To do>
Begin the copy at the line containing "Celková spokojnosť pacientov" in the data below and end it at the line containing "Праздник 25 августа.", keeping each line exact and leaving out pictures.

Available records>
=-=-=
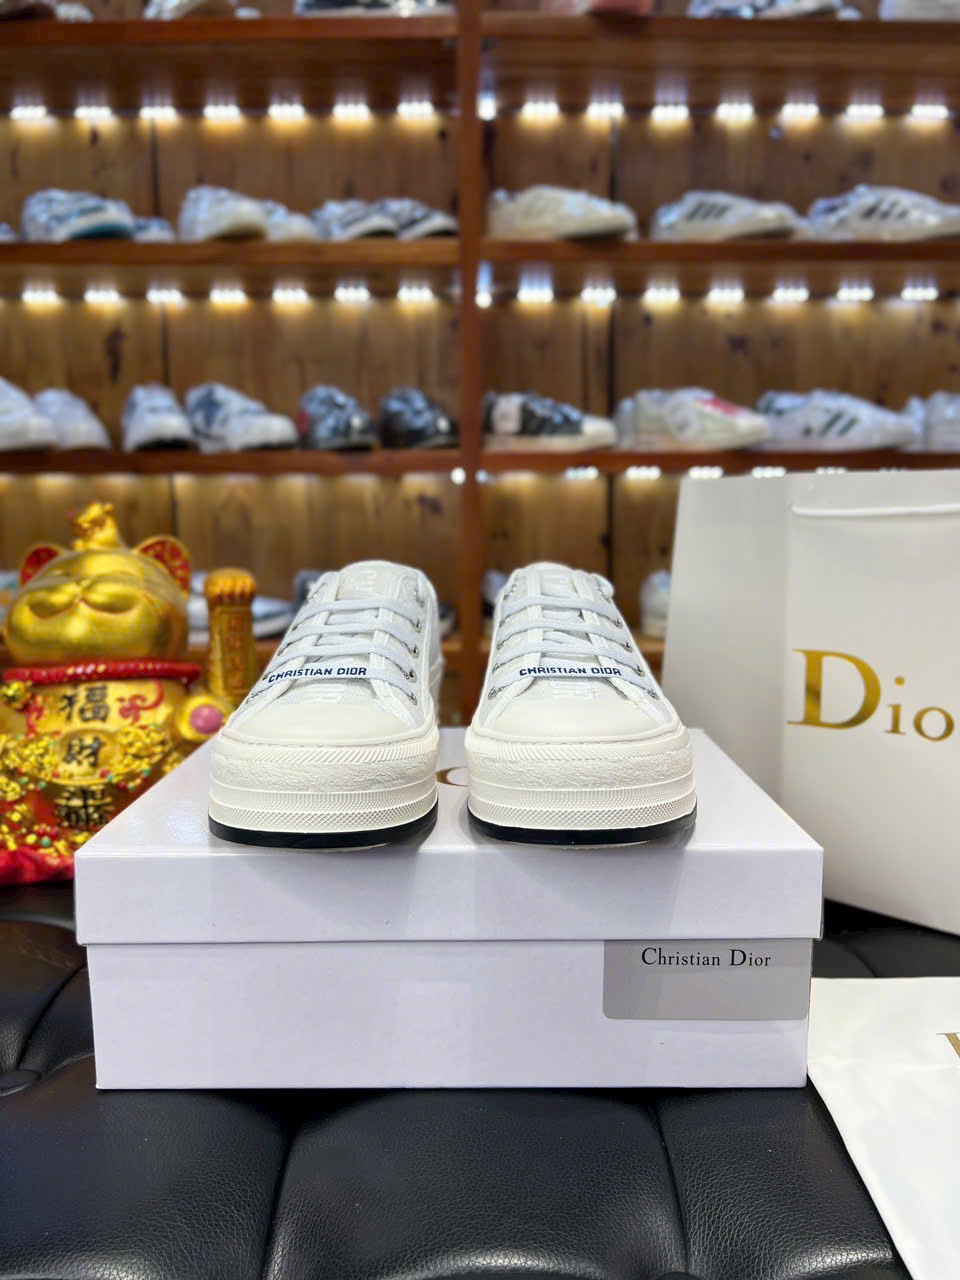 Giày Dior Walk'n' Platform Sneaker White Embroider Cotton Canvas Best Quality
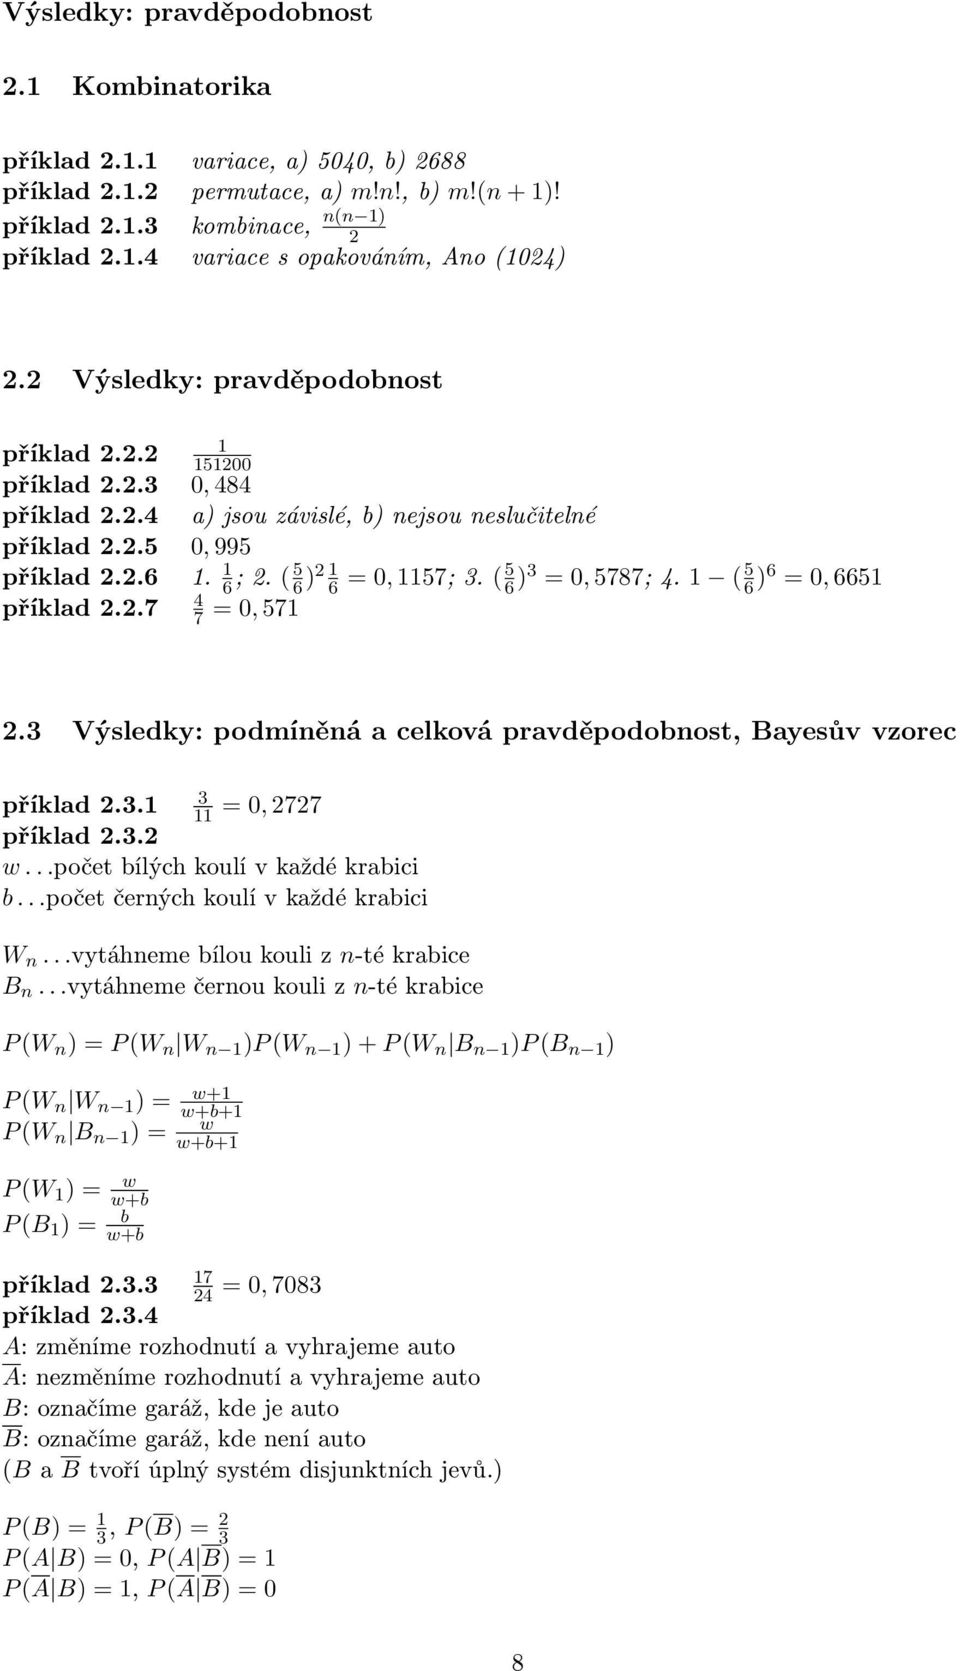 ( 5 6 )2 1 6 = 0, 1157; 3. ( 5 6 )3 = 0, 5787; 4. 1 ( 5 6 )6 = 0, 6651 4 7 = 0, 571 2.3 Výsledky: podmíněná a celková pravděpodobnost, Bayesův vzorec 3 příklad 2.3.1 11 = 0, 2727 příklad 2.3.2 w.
=-=-=
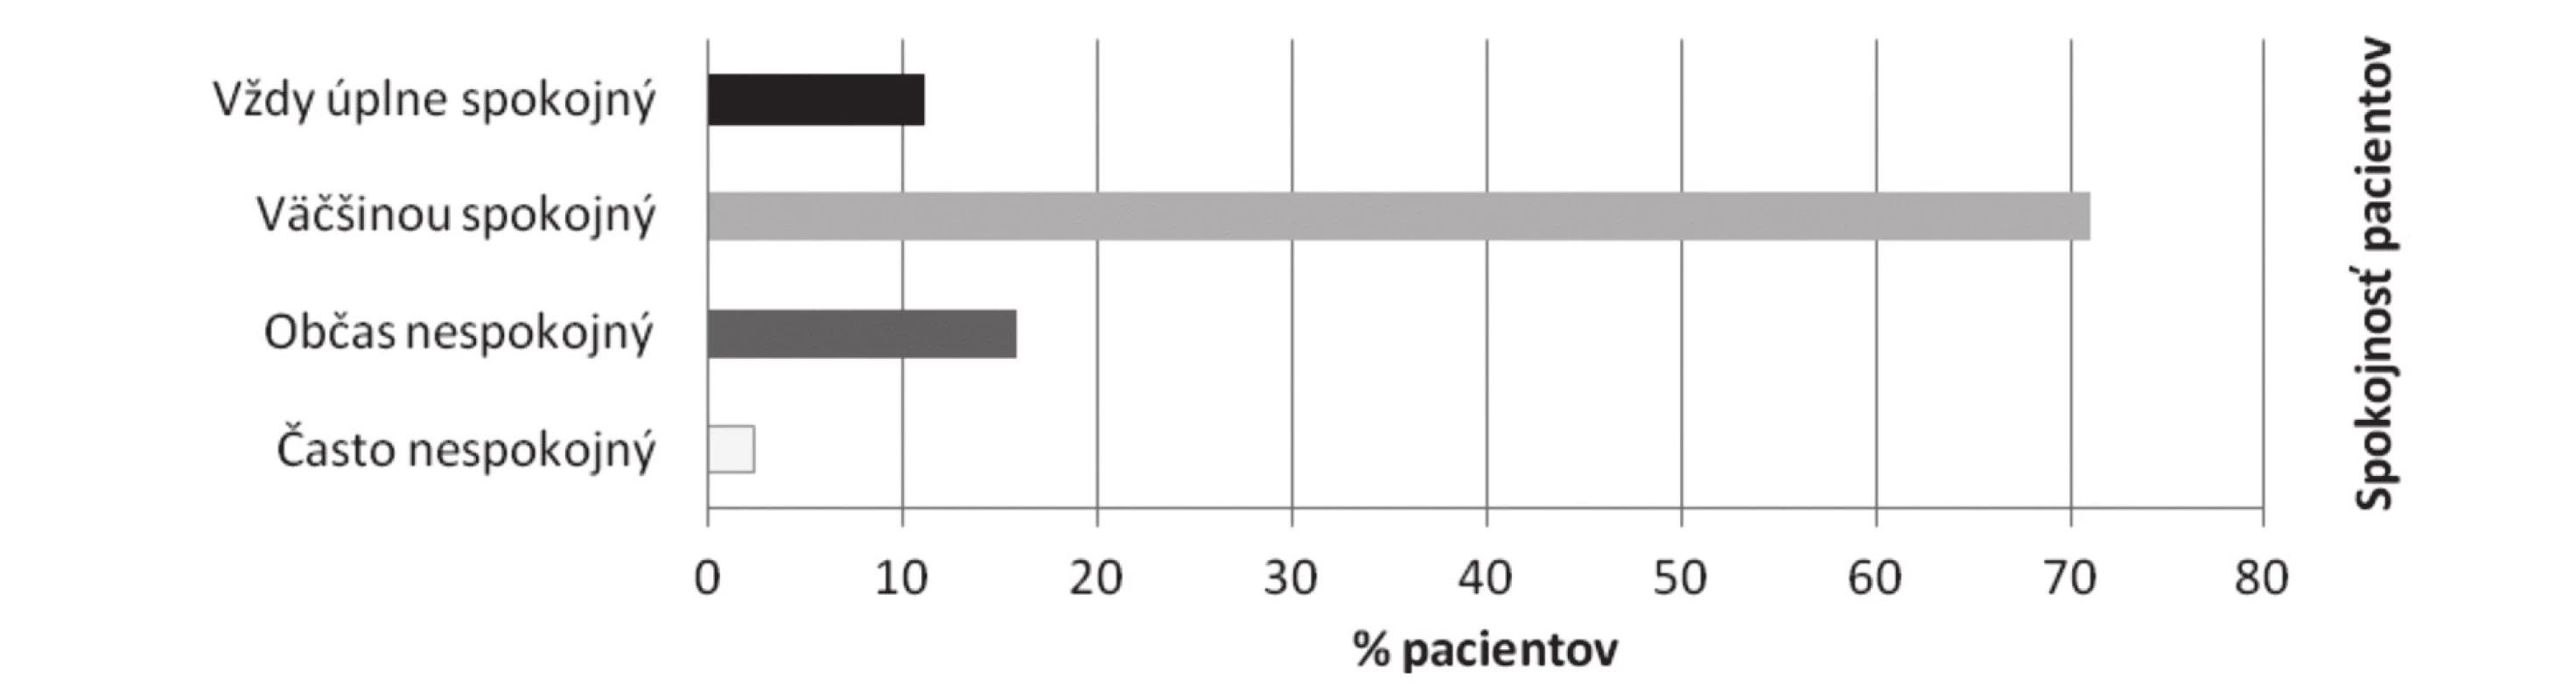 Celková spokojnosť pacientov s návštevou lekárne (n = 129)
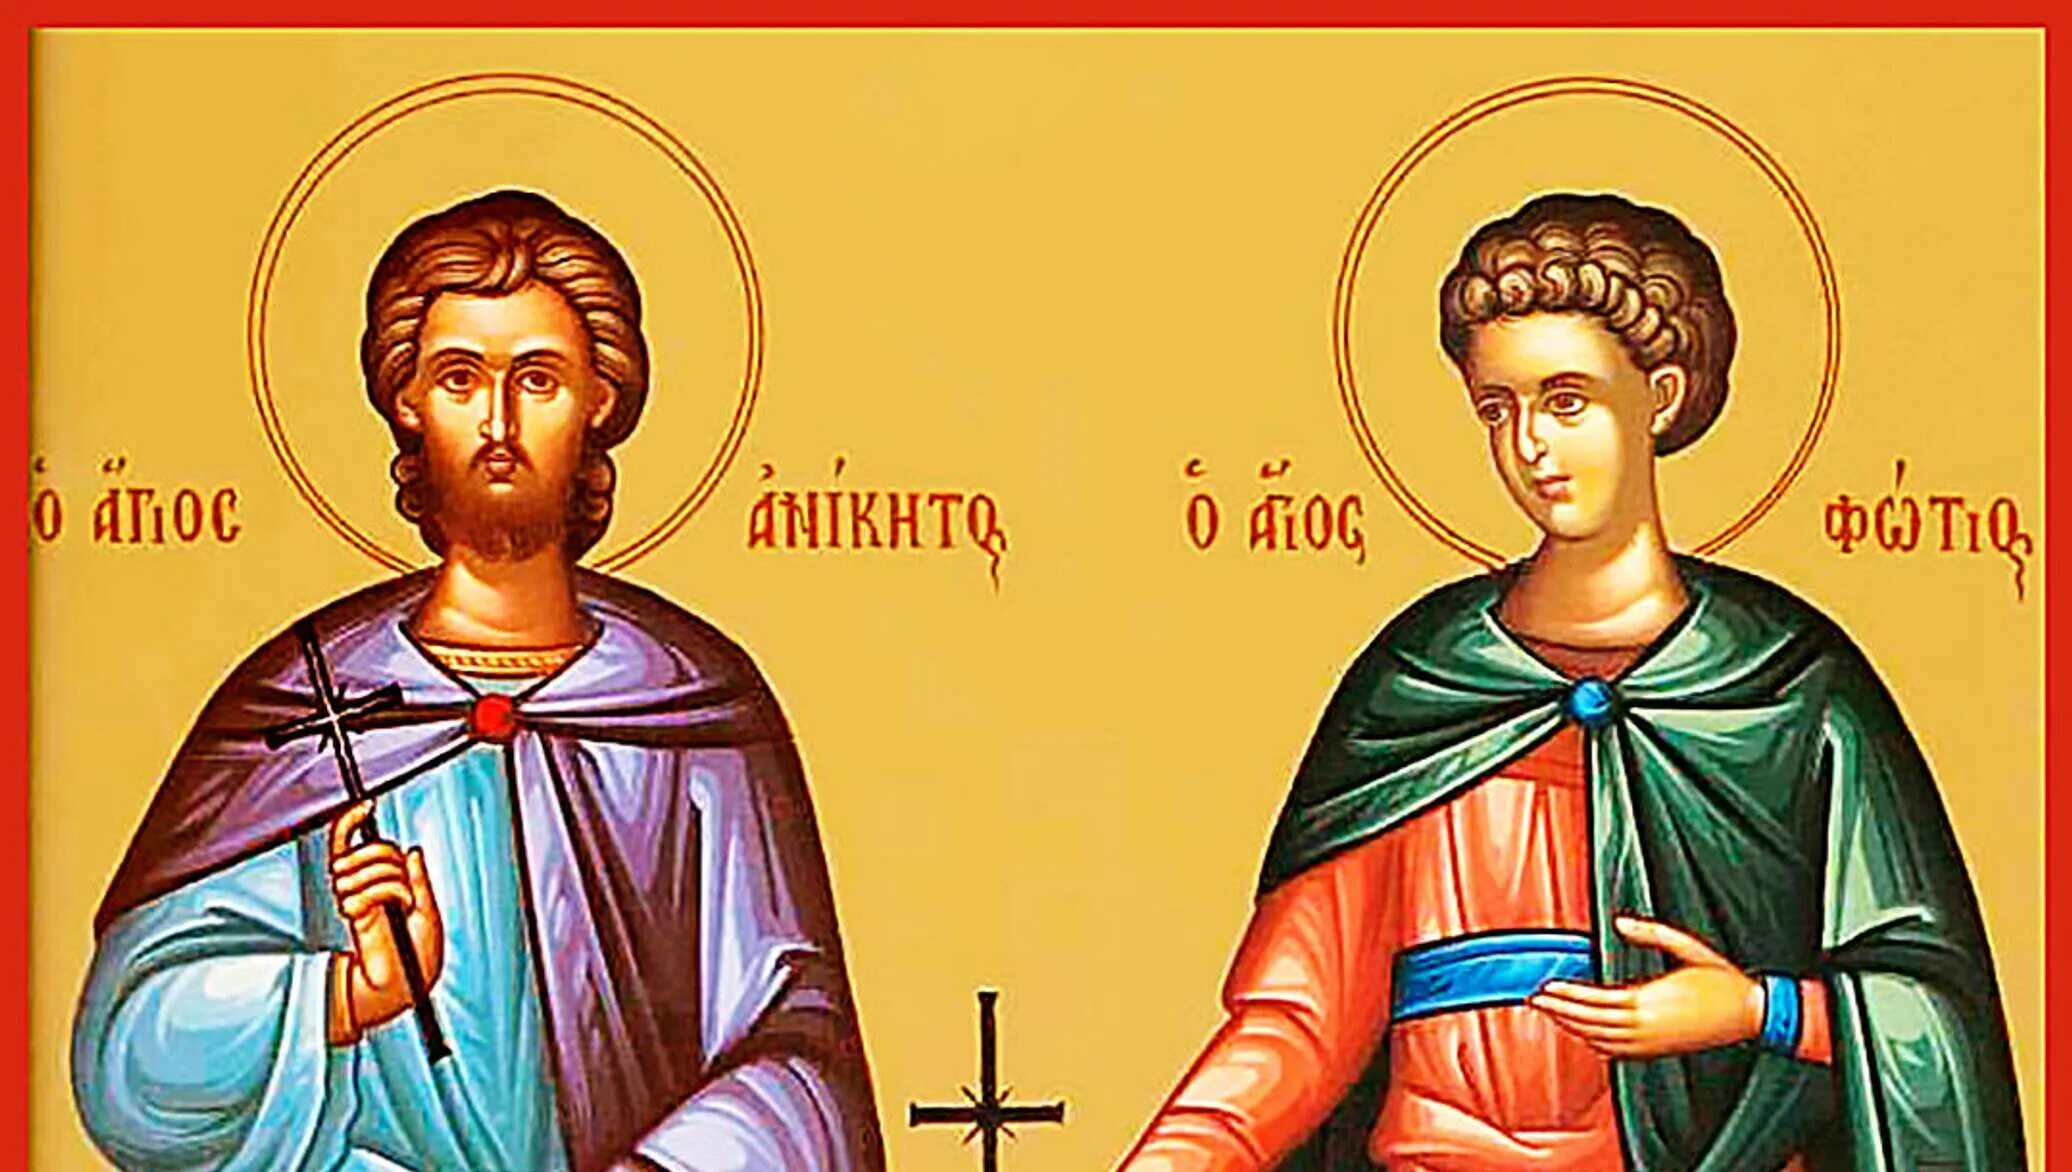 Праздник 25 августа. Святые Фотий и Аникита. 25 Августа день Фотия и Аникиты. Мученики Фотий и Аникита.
=-=-=
Task solution>
 Celková spokojnosť pacientov s návštevou lekárne (n = 129)
 Праздник 25 августа. Святые Фотий и Аникита. 25 Августа день Фотия и Аникиты. Мученики Фотий и Аникита.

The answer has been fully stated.